▶ [Exercise requirements] Transcribe the listing exactly; drop the images.

▶ [Given material]
:::

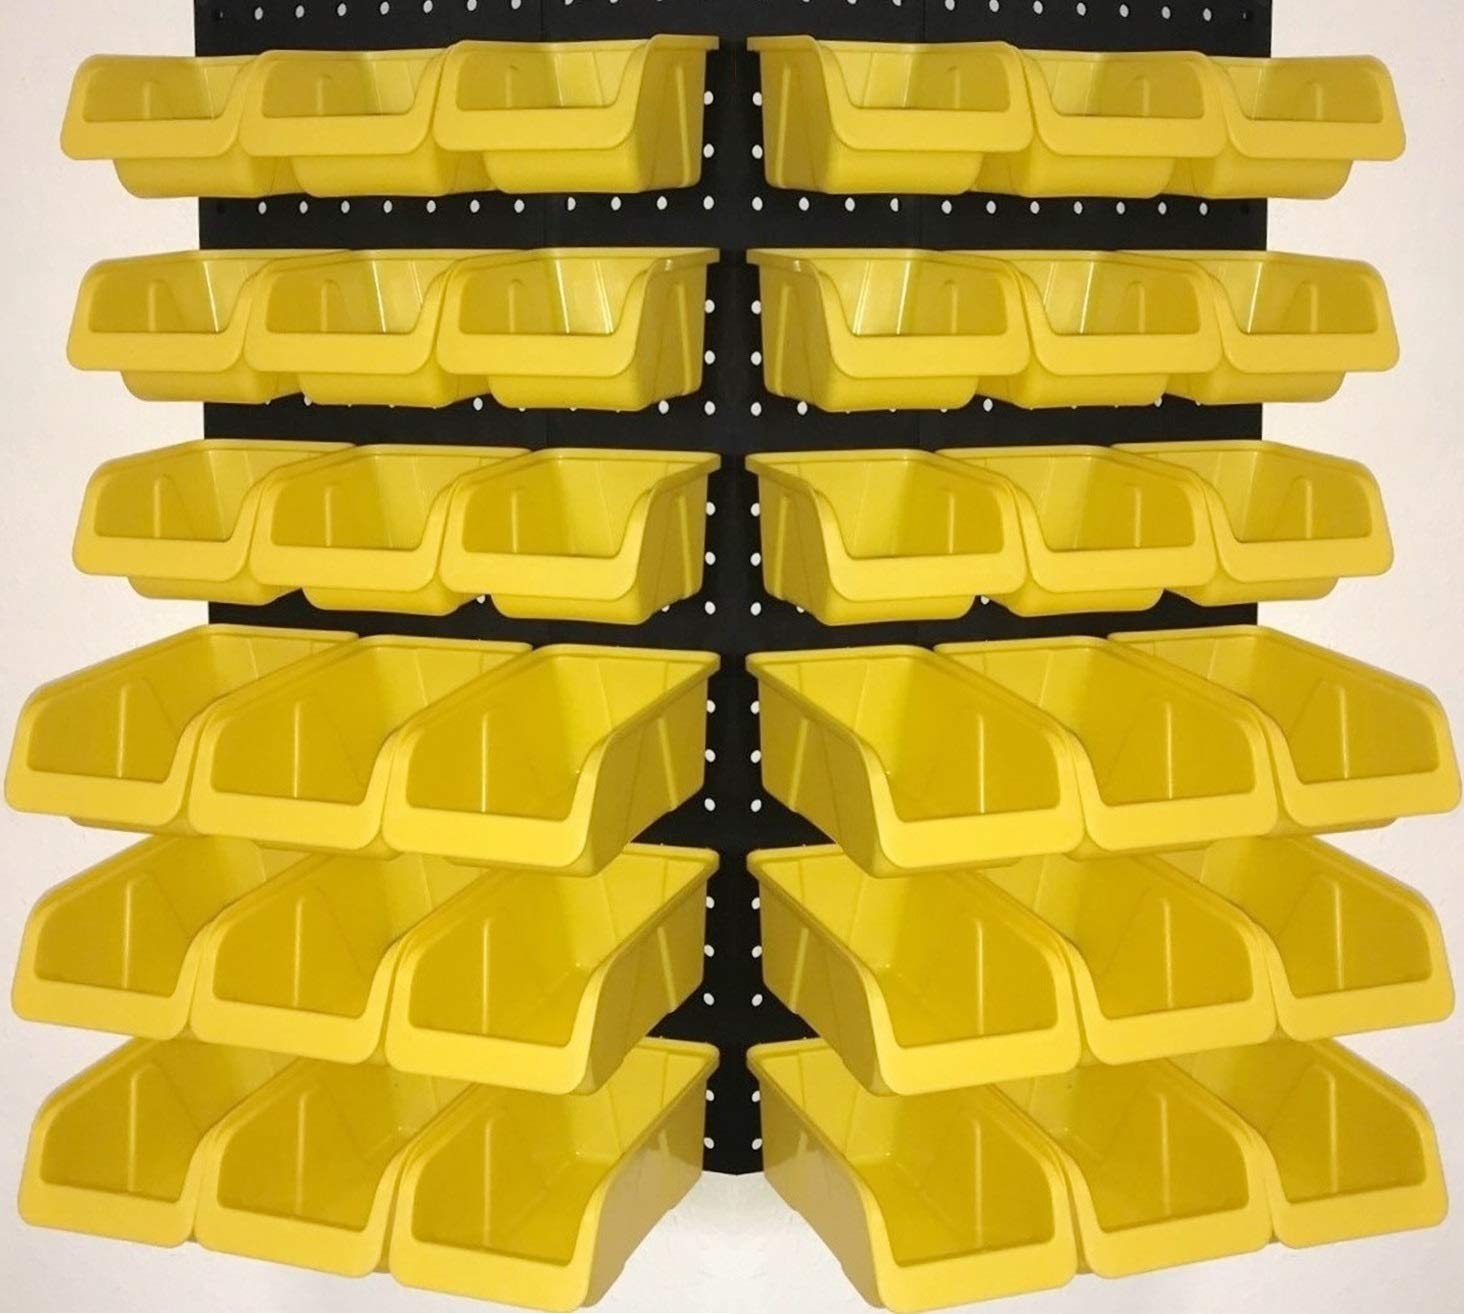 8 each Black Pegboard Bins for Parts Storage Workbench Peg Boa WallPeg Bin Kit 
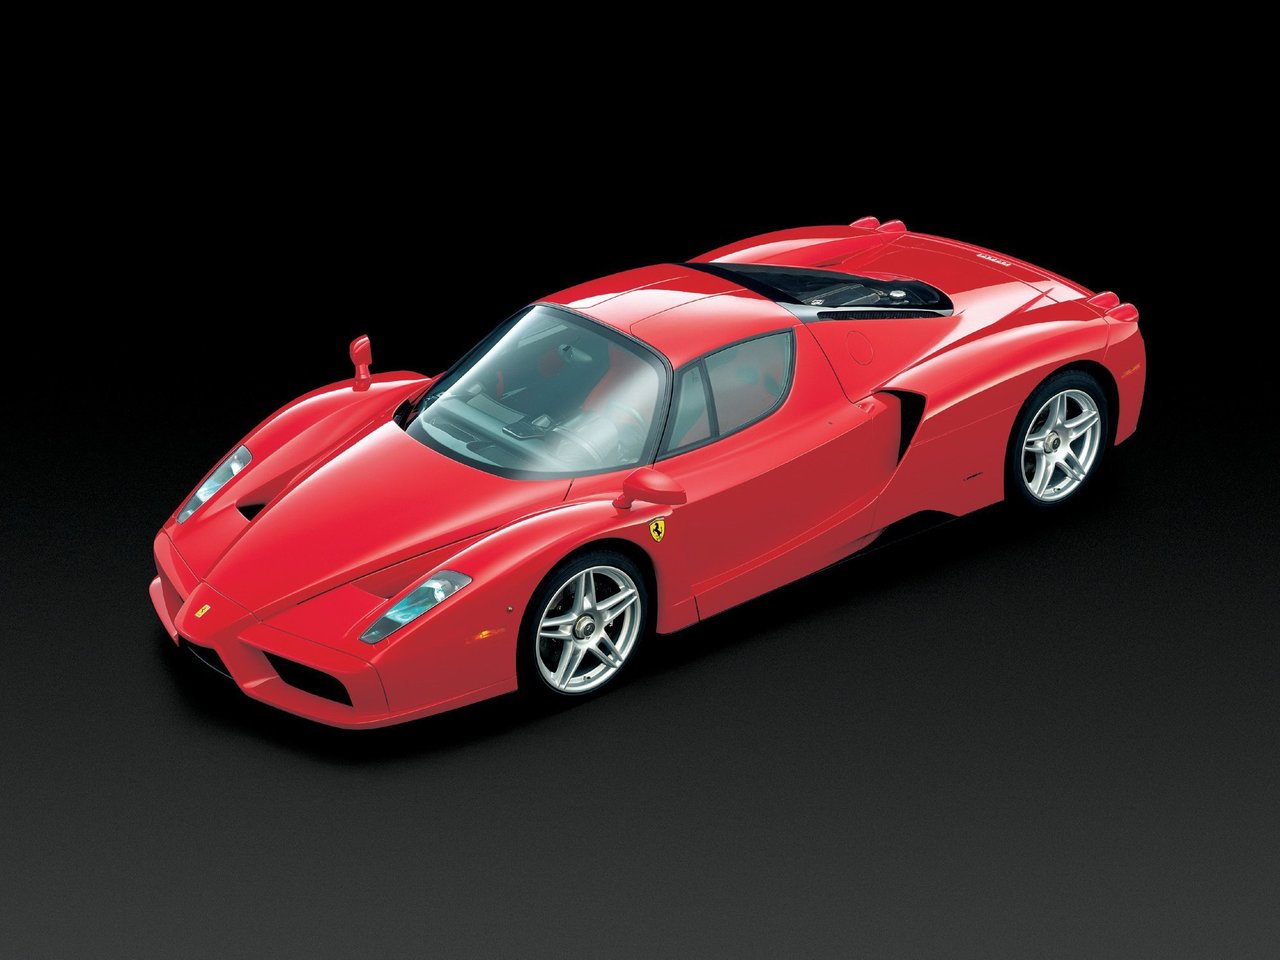 Расход газа одной комплектации купе Ferrari Enzo. Разница стоимости заправки газом и бензином. Автономный пробег до и после установки ГБО.
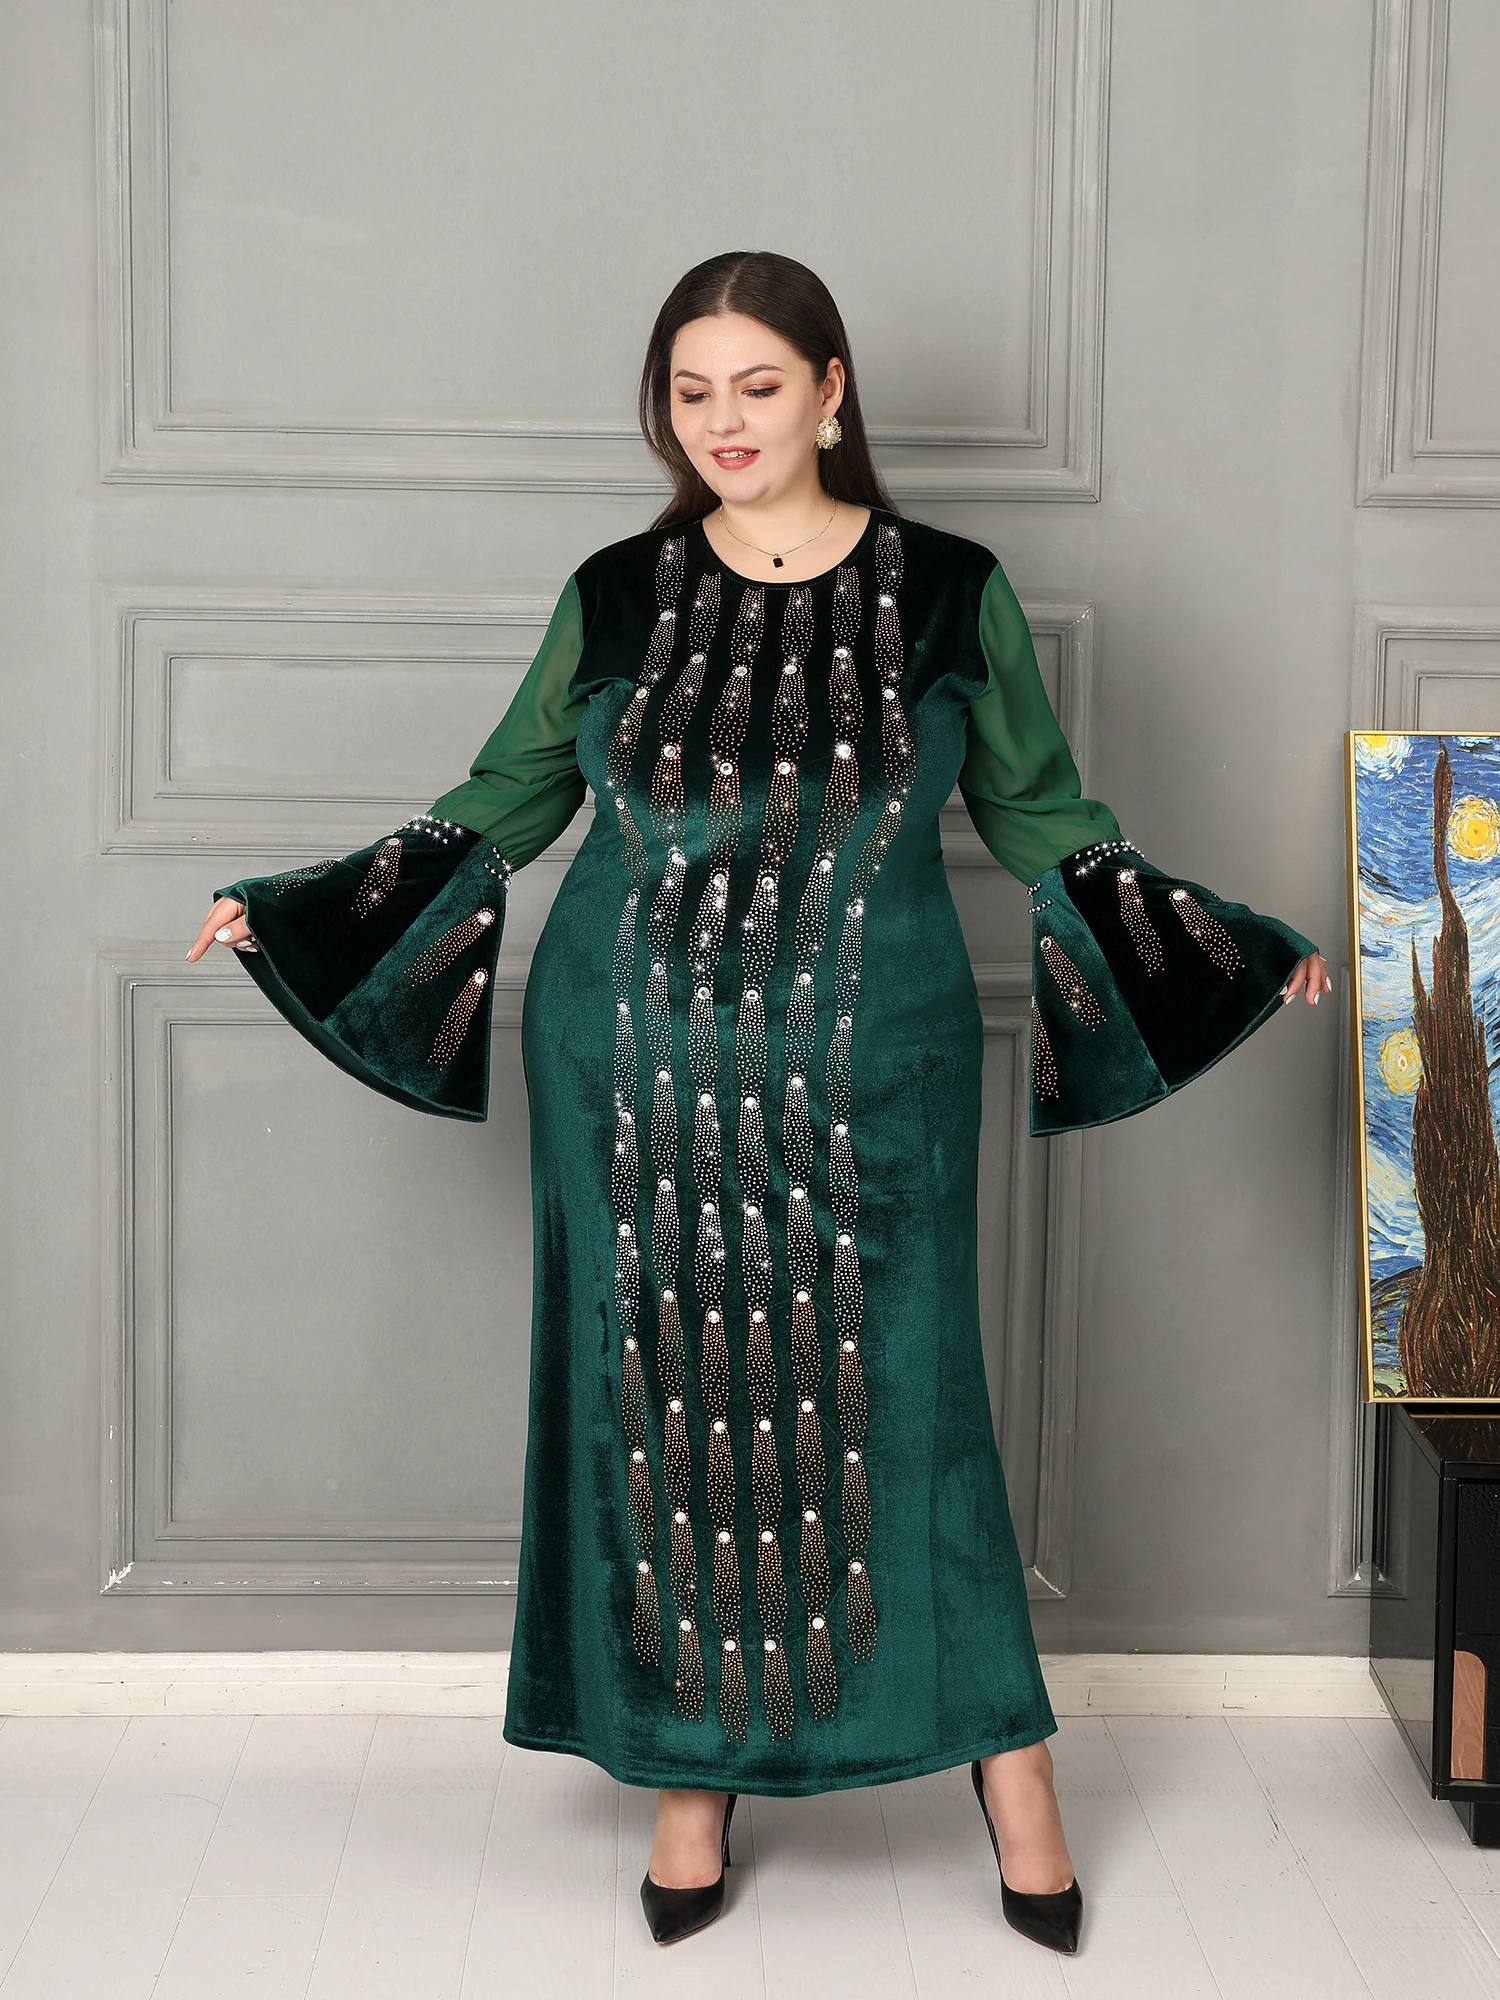 женская одежда турция платье женское вечернее мусульманская одежда Новинка 2021, зеленое мусульманское платье стразы, платье на день рождени...

:::

▶ [Your solution]
 8 each Black Pegboard Bins for Parts Storage Workbench Peg Boa WallPeg Bin Kit 
 Расход газа одной комплектации купе Ferrari Enzo. Разница стоимости заправки газом и бензином. Автономный пробег до и после установки ГБО.
 женская одежда турция платье женское вечернее мусульманская одежда Новинка 2021, зеленое мусульманское платье стразы, платье на день рождени...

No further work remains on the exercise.